И вот мы, группа офицеров, поднятых по тревоге, летим на быстроходном катере к гранитной набережной Кронштадта.

Безмятежное солнце по-прежнему золотит залив. Но мы уже не замечаем красоты тихого утра. У каждого в душе буря.

Катер ошвартовался у причала.

...На Якорной площади возле репродукторов толпятся люди, слушают правительственное сообщение о вероломном нападении гитлеровской Германии на Советский Союз. Чеканя шаг, пошевеливая штыками, прошел батальон морской пехоты. Проехали крытые брезентом военные грузовики. Над пристанью ажурная стрела подъемного крана пронесла блестящую сигару торпеды. На бетонных площадках устремили в небо стволы освобожденные от чехлов зенитки. Перестраиваясь в кильватерную колонну, выходят в море боевые корабли — эсминцы, тральщики. Вздымая холмы белой пены, стремительно промчались торпедные катера.

Тысячи, миллионы людей по всей стране поднимались в бой. А нам еще не скоро...
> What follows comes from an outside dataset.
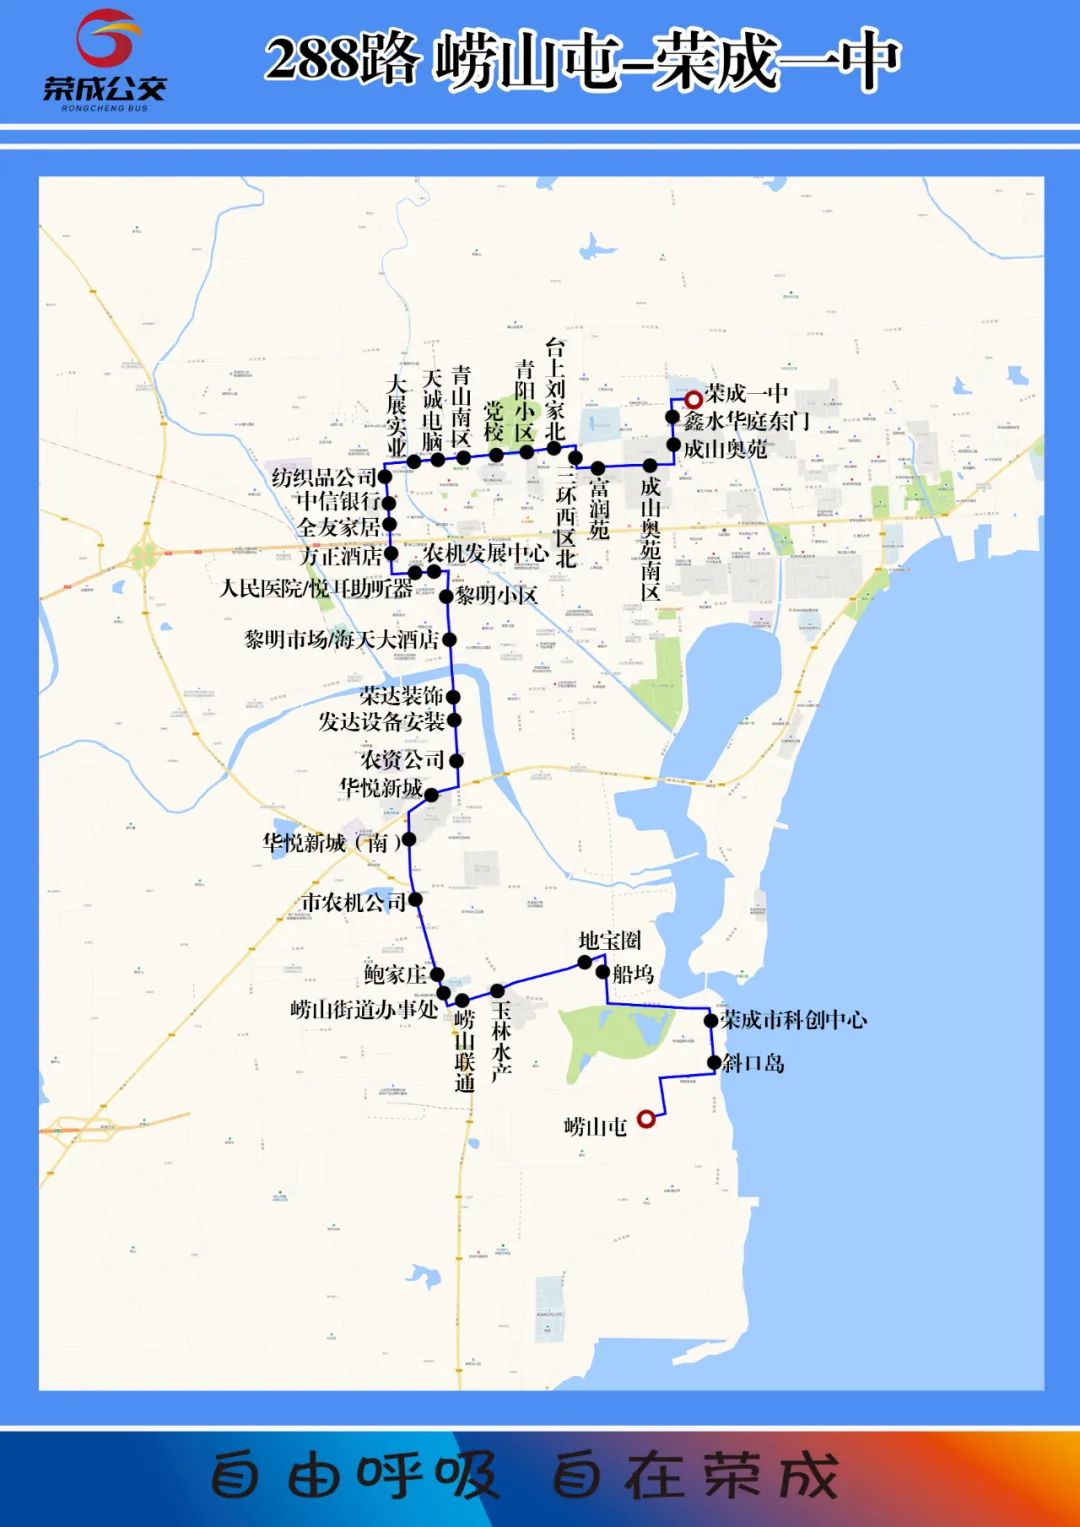 958路公交车路线图全线图片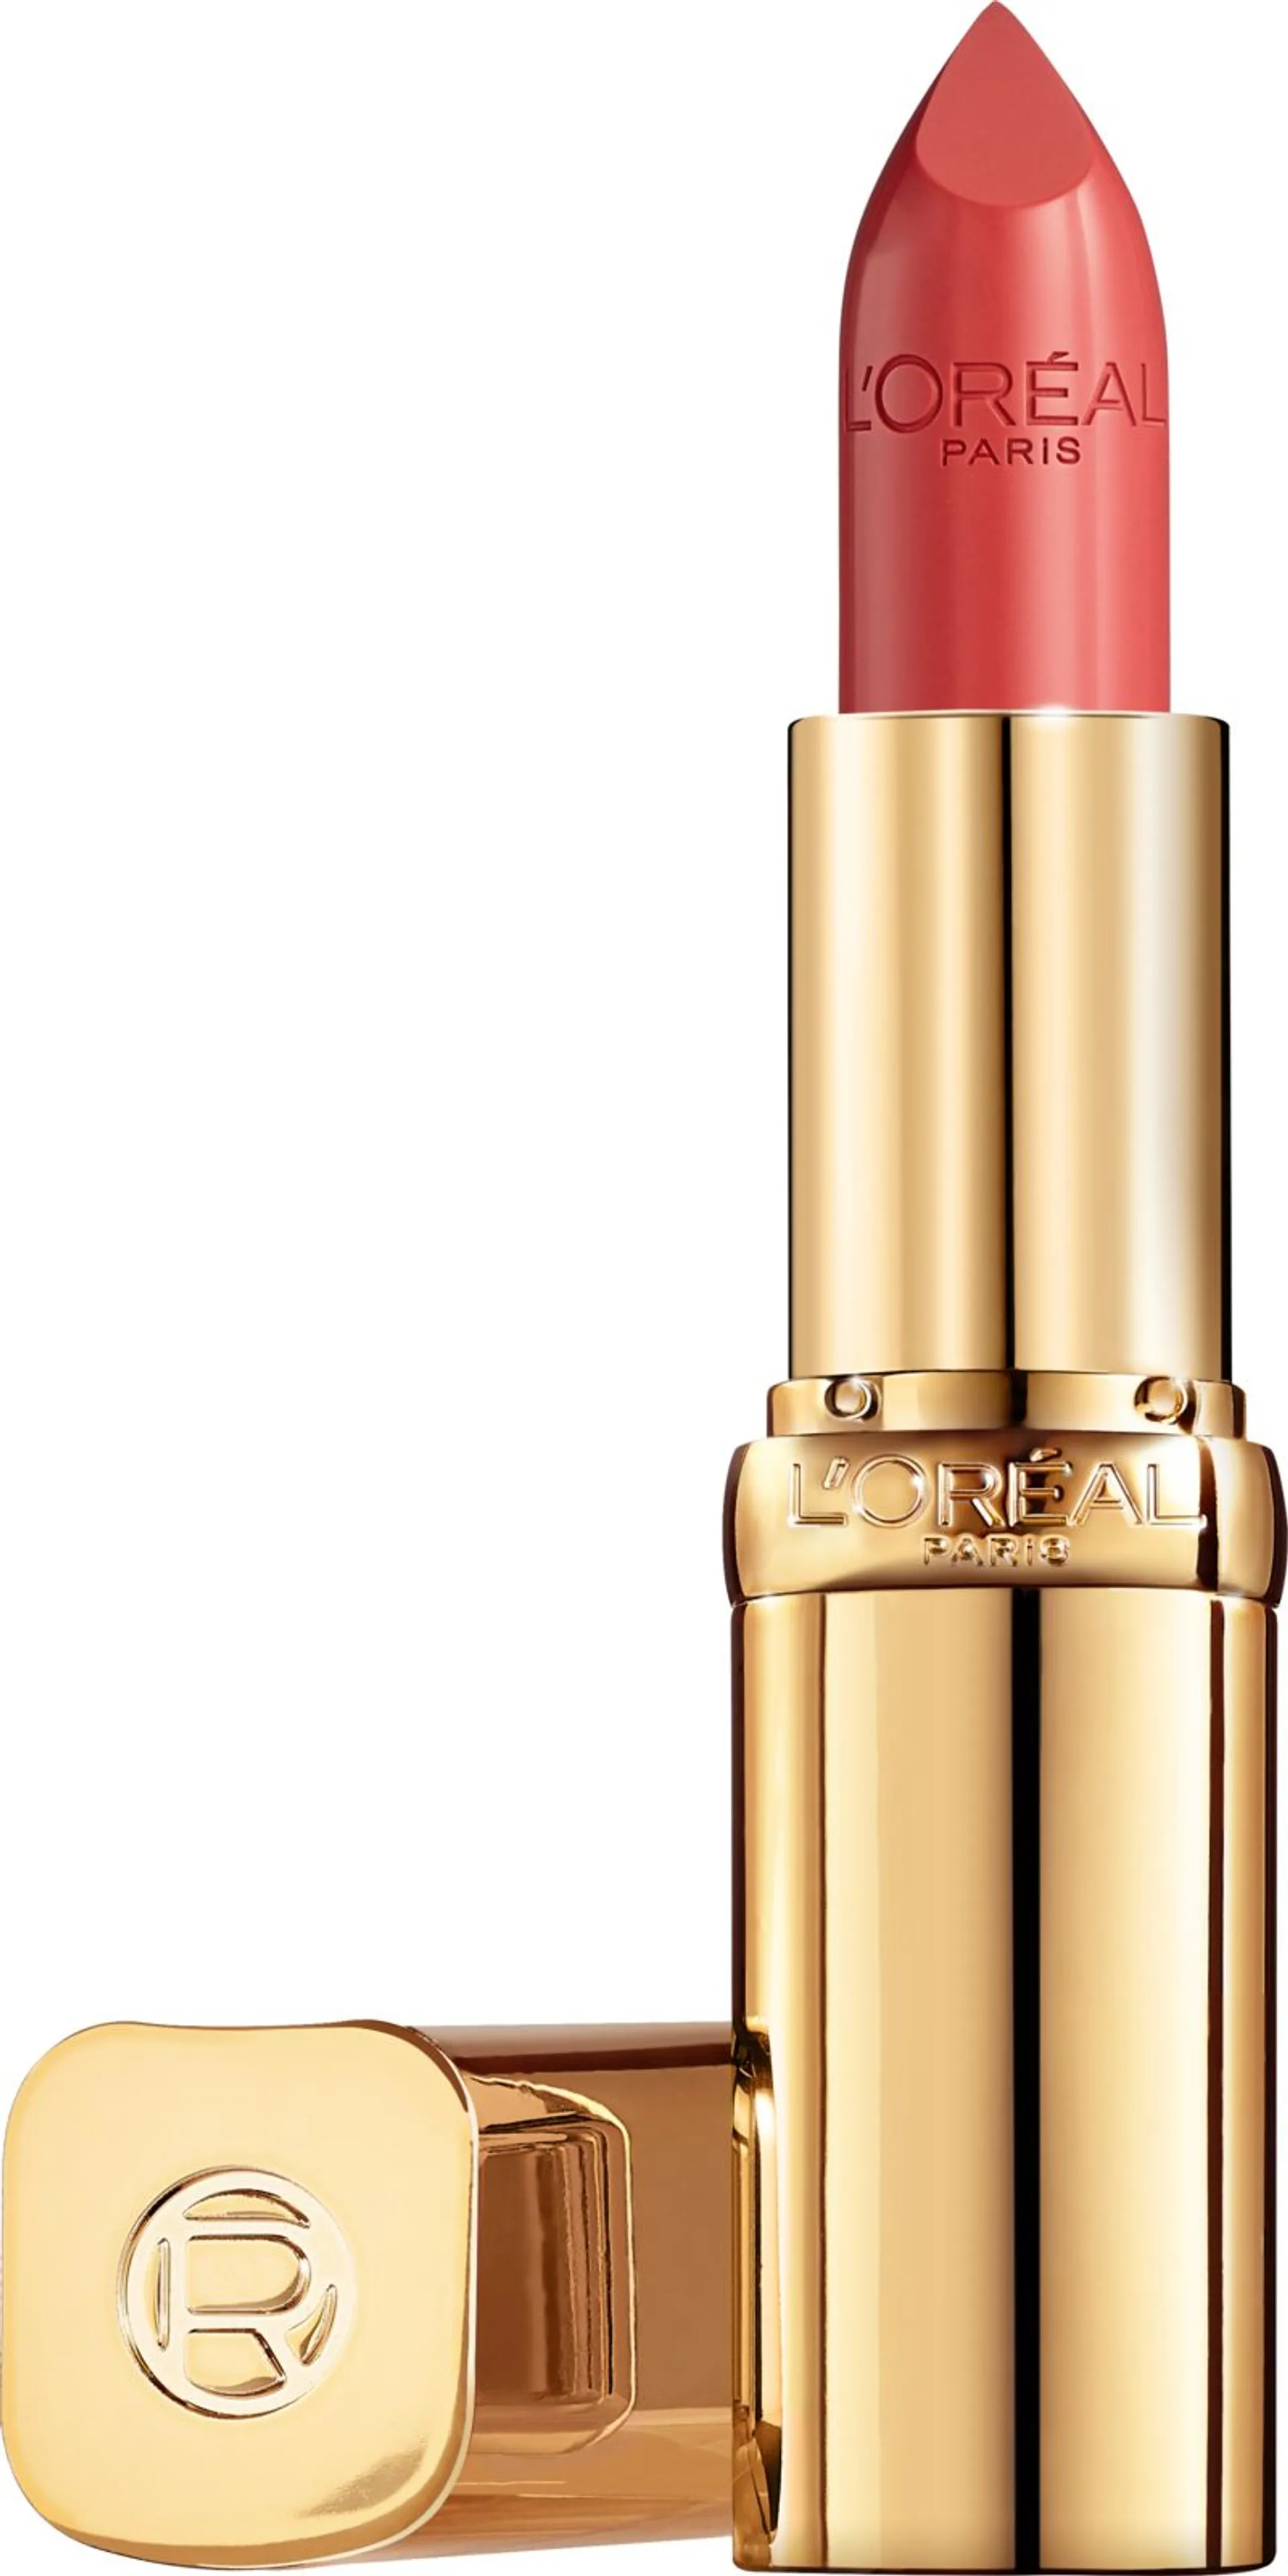 L'Oréal Paris Color Riche Satin 108 Brun Cuivre huulipuna 4,8 g

Наша «Щ-303» — одна из самых старых лодок на Балтике. За старостью лет ее вывели из боевого ядра флота и перевели в учебный отряд. Здесь проходили практику молодые подводники. Но учеба на устаревшей технике — не учеба. Лодку поставили па капитальный ремонт, кое-что переделали, установили более совершенные механизмы и приборы. Но старость есть старость, никаким лечением от нее не избавишься. Первые же пробы механизмов выявили столько изъянов, что у нас голова кругом пошла.

Некогда наша лодка называлась «Ерш». Теперь краснофлотцы не без горечи шутили:

— «Ерш» обратился в недоделанную «Щуку».

Война застала нас в самый разгар ходовых испытаний. Мы не провели еще и половины предписанных программой проверок, а список обнаруженных неполадок вырос уже до солидных размеров.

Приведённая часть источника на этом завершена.